Abstact

Type VII CRISPR-Cas system, evolutionarily associated with type III systems, utilizes a Cascade complex formed by Cas5 and catalytically inactive Cas7 copies for target RNA binding, but instead incorporates a specialized Cas14 ribonuclease for target cleavage. Here, we report a high-quality cryo-EM structure at the target engagement state with a shortened crRNA and elucidate how the recruited Cas14 captures the target RNA and undergoes target-mediated activation.

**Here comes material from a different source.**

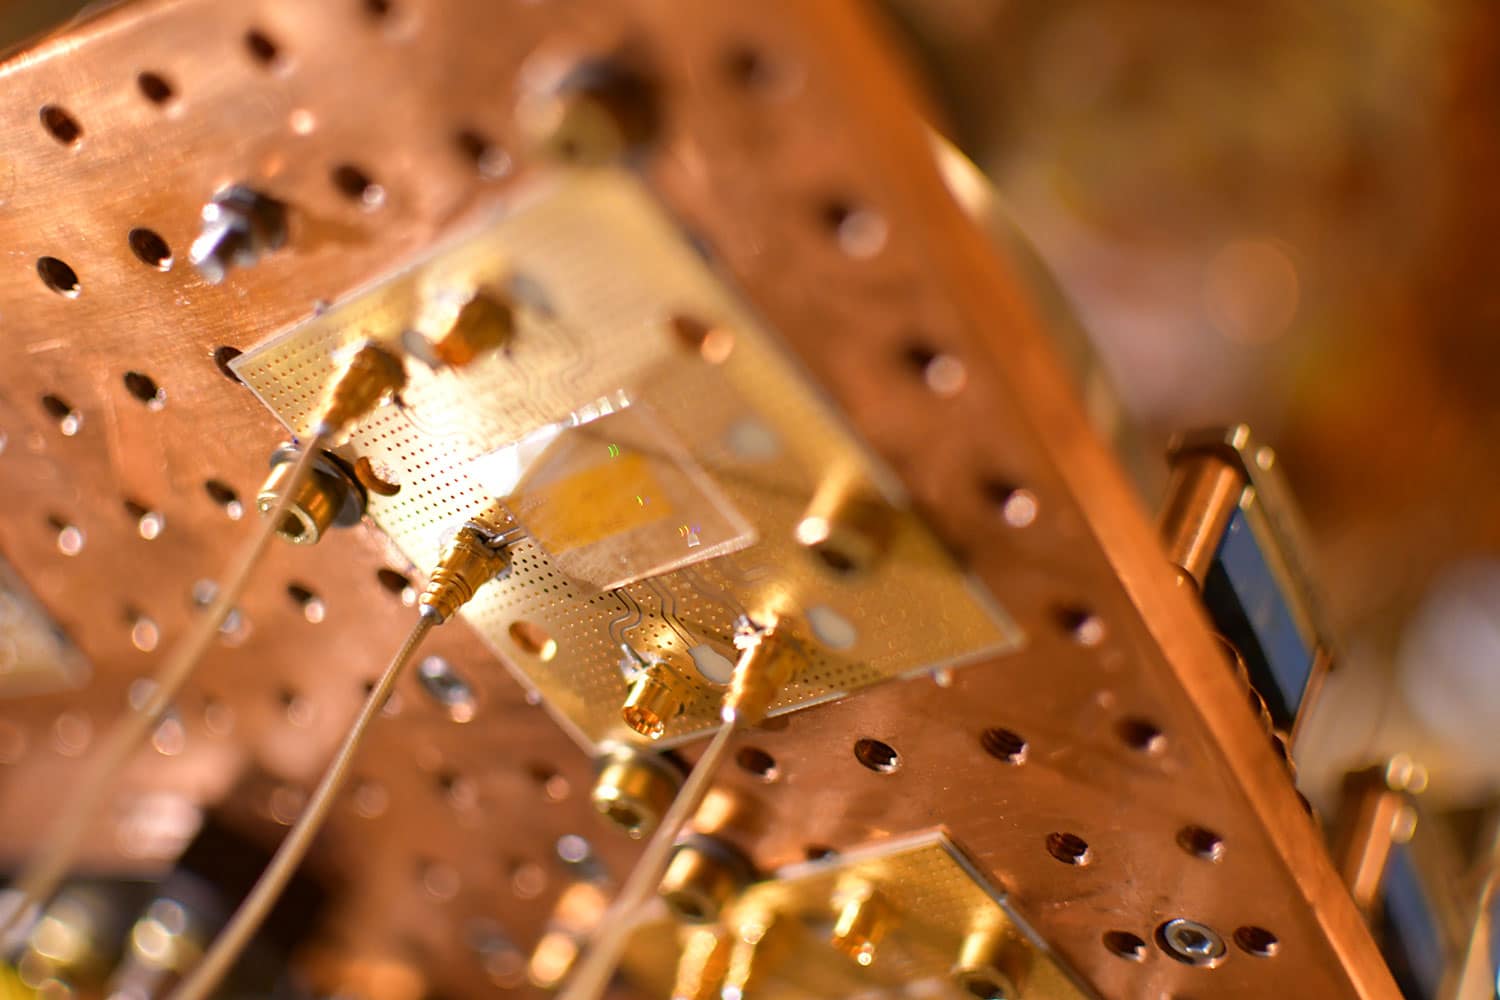 A chip that can control and modulate acoustic waves.

The signature Cas14 is homologous to eukaryotic CPSF73 and prokaryotic RNase J, comprising two conserved subdomains, MbetaL and beta-CASP. Different from canonical type III systems, 5'-end target RNA, rather than 3'-end, is bent into the positively charged binding channel formed by the two subdomains to access the conserved catalytic pocket on Cas14. Two special structural features, alpha1 helix from Cas7 and alpha10 helix from Cas14, promote the bent target RNA docking into the catalytic pocket of Cas14 nuclease in concert. A dual-functional loop, displaced by the entering target RNA, induces a closed-to-open transition between the two subdomains for nuclease activation. More importantly, the flipped dual-functional loop also maintains the stabilization of incoming target RNA. Altogether, our work provides a more comprehensive understanding of type VII system mechanism, laying a mechanistic foundation for RNA-targeting tool development.